MICROBIOTE : Comment la galvanotaxie attire les bactéries
Cette bioélectricité intestinale, décrite pour la première fois par une équipe de gastroentérologues et de biologistes de l’University of California (UC) - Davis Health, permet aux mauvaises bactéries de provoquer des maladies : l’étude découvre et décrypte comment un courant électrique dans l'intestin attire des agents pathogènes comme la salmonelle et les aide à provoquer une infection. Ces travaux, publiés dans la revue Nature Microbiology, apportent une nouvelle lumière sur des maladies chroniques complexes, telles que les maladies inflammatoires chroniques de l'intestin (MICI).
Cette étude est également fondamentale pour les experts en maladies infectieuses et les biologistes qui étudient les bactéries.

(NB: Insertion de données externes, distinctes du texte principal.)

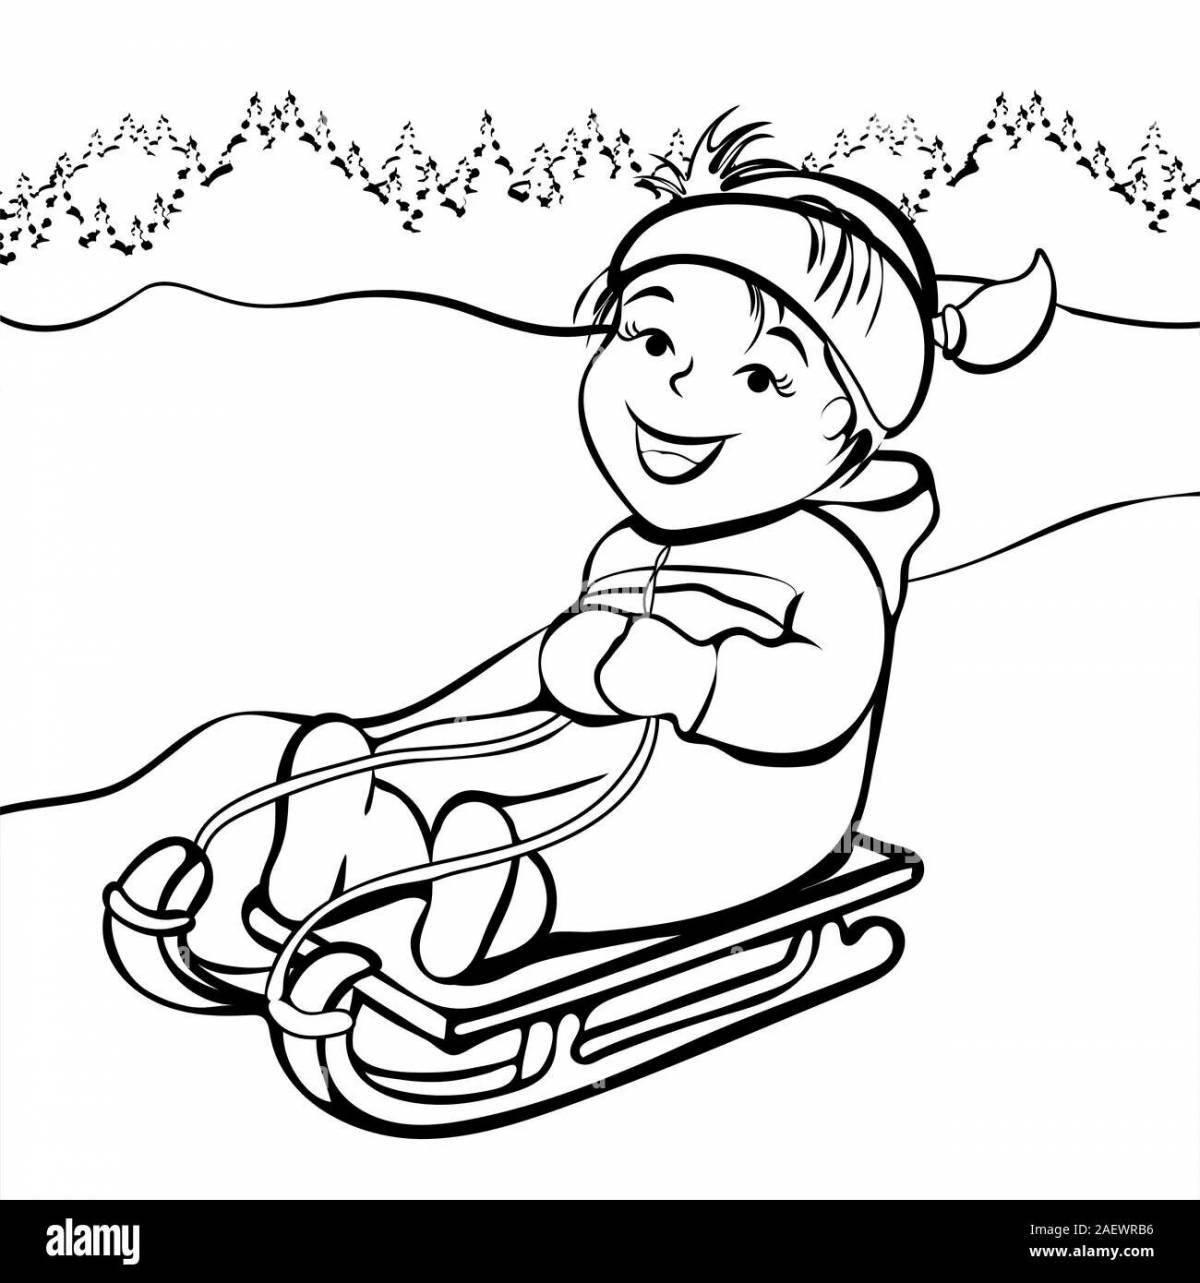 Playful children's coloring on a sled

Les agents pathogènes nocifs, comme la salmonelle, se frayent un chemin dans un système intestinal complexe où ils sont largement dépassés en nombre par les bonnes bactéries et les cellules immunitaires. Cependant, chaque année, la salmonelle est responsable d’environ 1,35 million de maladies et de 420 décès aux seuls États-Unis. Pour infecter l’hôte, ce pathogène doit traverser la paroi intestinale.
Ces pathogènes doivent donc trouver des points d'entrée vulnérables dans l'intestin qui leur permettent d'envahir et d'infecter le corps. « Lorsqu’elles sont ingérées, les salmonelles parviennent jusqu’aux intestins. Là, elles sont largement dépassées en nombre par plus de 100.000 milliards de bactéries commensales, rappelle l’auteur principal, Yao-Hui Sun, chercheur affilié aux départements de médecine interne, d’ophtalmologie et de sciences de la vision et de dermatologie.
Un nouveau mécanisme bioélectrique qui permet aux bactéries de trouver la porte d’entrée
Pour comprendre comment les salmonelles parviennent à se frayer un chemin dans l’intestin, les chercheurs ont observé le mouvement des bactéries S. Typhimurium (une souche de Salmonella) et l’ont comparé à celui d’une souche inoffensive de bactéries Escherichia coli (E. coli).
Les auteurs rappellent que l’intestin est un organe très complexe. Sa structure épithéliale comprend des villosités et l'épithélium associé aux follicules lymphoïdes (EAF). L'épithélium des villosités est constitué de cellules absorbantes (entérocytes) avec des protubérances qui aident à l'absorption des nutriments. L'EAF contient des cellules M recouvrant de petits amas de tissu lymphatique appelés plaques de Peyer. Ces cellules M sont chargées de l'échantillonnage des antigènes. Elles agissent comme la première ligne de défense du système immunitaire contre les antigènes microbiens et alimentaires.
L’étude, menée sur la souris modèle d’infection à salmonelle, révèle que ces bactéries détectent des signaux électriques dans l'EAF. Elles se déplacent vers la source de ces signaux, une zone de l’intestin où elles trouvent des ouvertures par lesquelles elles peuvent entrer. Ce processus de mouvement cellulaire en réponse aux champs électriques est appelé
galvanotaxie, ou électrotaxie.
- E. coli et Salmonella réagissent différemment aux champs bioélectriques. Elles ont des réponses opposées au même signal électrique. Alors que E. coli se regroupe à côté des villosités, Salmonella se rassemble au niveau du EAF ;
- le champ bioélectrique dans l’épithélium intestinal est configuré de manière à ce que Salmonella en profite pour être orientée vers le EAF, ce qui n’est pas le cas d’E. coli.
De précédentes recherches avaient décrit un processus de chimiotaxie : avec la chimiotaxie, les bactéries détectent les gradients chimiques et se déplacent vers ou loin de composés spécifiques. Mais la nouvelle étude suggère que la galvanotaxie de Salmonella vers le EAF ne se produit pas par des voies de chimiotaxie.
L’étude décrit ainsi pour la première fois, un mécanisme alternatif ou complémentaire dans la modulation du ciblage de Salmonella vers l'épithélium intestinal.
Un nouvel éclairage sur les MICI : ce mécanisme a des implications possibles pour d'autres infections bactériennes ainsi que pour leur prévention et leur traitement : « il serait intéressant de savoir si les patients souffrant de MICI présentent également ces activités bioélectriques aberrantes dans l'épithélium intestinal ».